I’ve always struggled with friendships. I had 2 close friends in high school that I lost in the same year. One moved away and another was sent to a girl’s home. Now that I’m an adult, a mom, I find it very challenging to find close friends. I have a couple who are married but no kids. That’s fine but I struggle with finding close mom friends. Play dates aren’t really good for getting to know other moms deeply because of all the interruptions. I had to let go of one mom friend because after talking with my mentor and my husband about her behavior toward me they both agreed she was toxic. Now I hang out with three other moms-we do play dates. One I’ve known for 8 years and have felt close to, the another I’ve known but only recently gotten to know her better. Then the third one I just met this summer. Like I said, we’ve been doing play dates. It seems to me that the friend I’ve known the longest and feel closest to is more “enamored” with the 2 newer girls. They seem to talk more. The 3 of them all belong to the same homeschool co-op while I attend a different one. Then last week we all went to the zoo and when I arrived they were all talking about a road trip they are planning together. I didn’t get officially invited to go along until a few days later. But it still hurt because they had been discussing and making plans without me. Thank you for writing on this. I’m still not sure if I should look for new friends or just see them as good friends who were acting poorly.
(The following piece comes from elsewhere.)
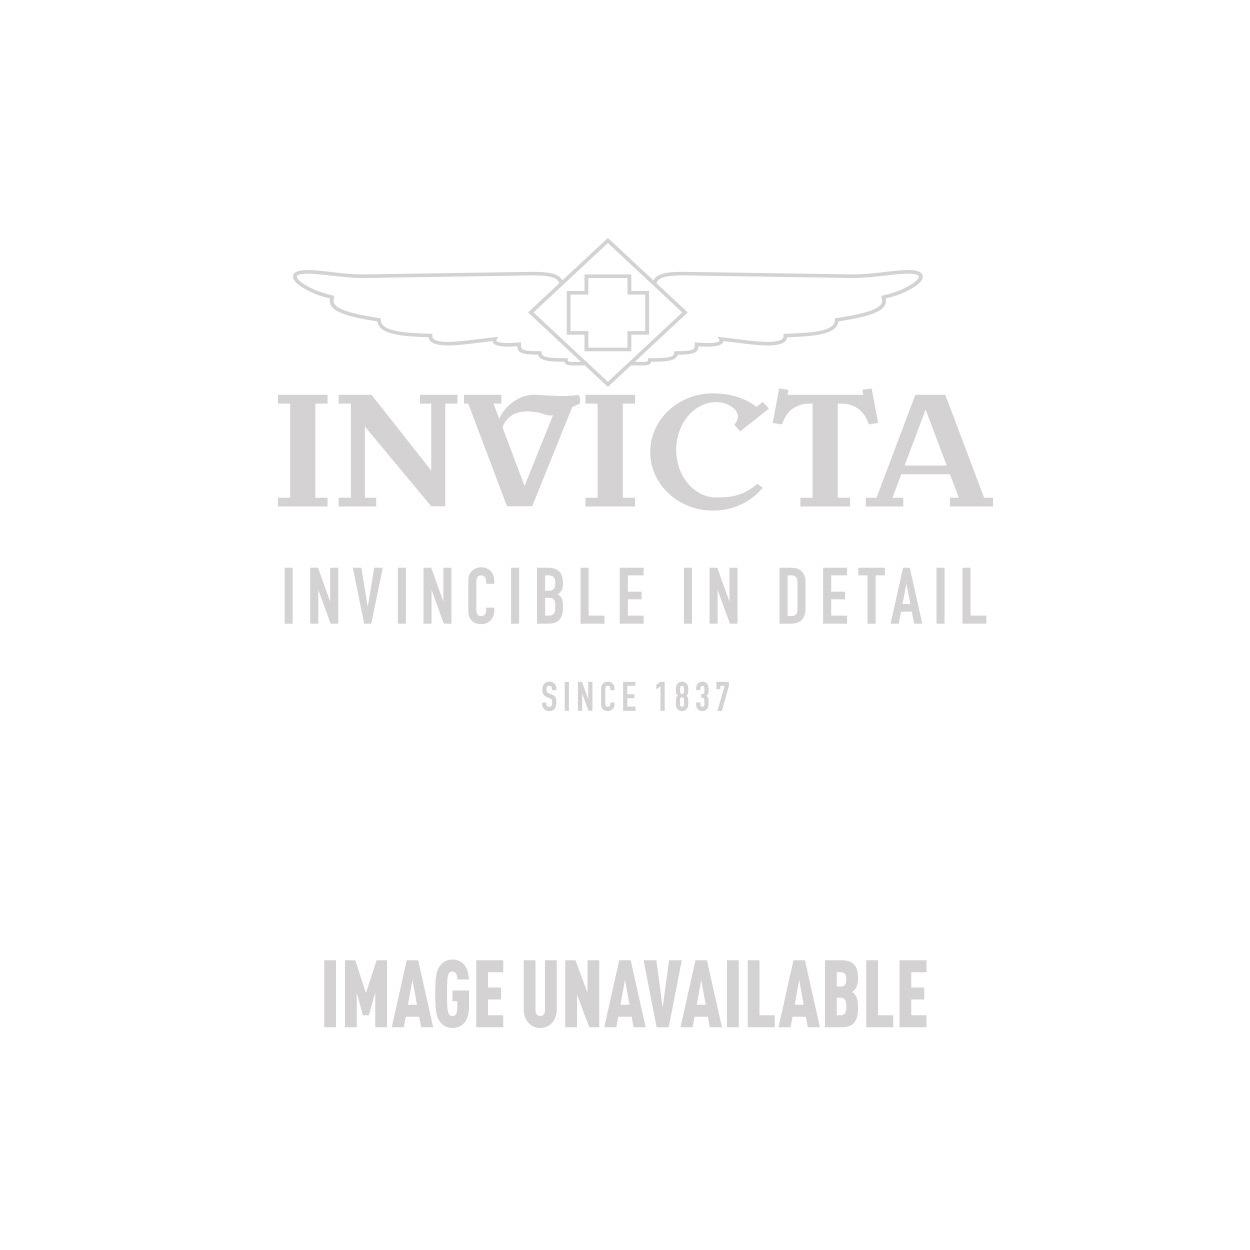 Invicta Model 26782

Oh girl. I’m so sorry. I hate the hurt that feeling left out causes. Sometimes it’s hard to know if we were intentionally left out or if it was mere oversight. When we don’t know the answer for sure, the Bible encourages us to give the benefit of the doubt. But in some cases, girls (and grown women) can make it quite clear to one another when someone’s being excluded. I don’t know for sure how to direct you because I don’t know the women, it may simply be that they were able to start making plans when they were all together and meant to include you. Healthy friends are able to talk openly and honestly about this kind of thing. Consider asking the question or expressing the fact that you feel left out and see how she reacts. If she gets defensive or gloms on excuses, then it may be time to look for some new friends. If she’s sad to hear your heart, and shows remorse or surprise that you feel that way, then it sounds like there may have been a misunderstanding. Navigating friendships can be so tough –and finding friends even tougher–especially in your season of raising littles. I pray God will give you clear direction and lead you to some good, safe friends. Hugs!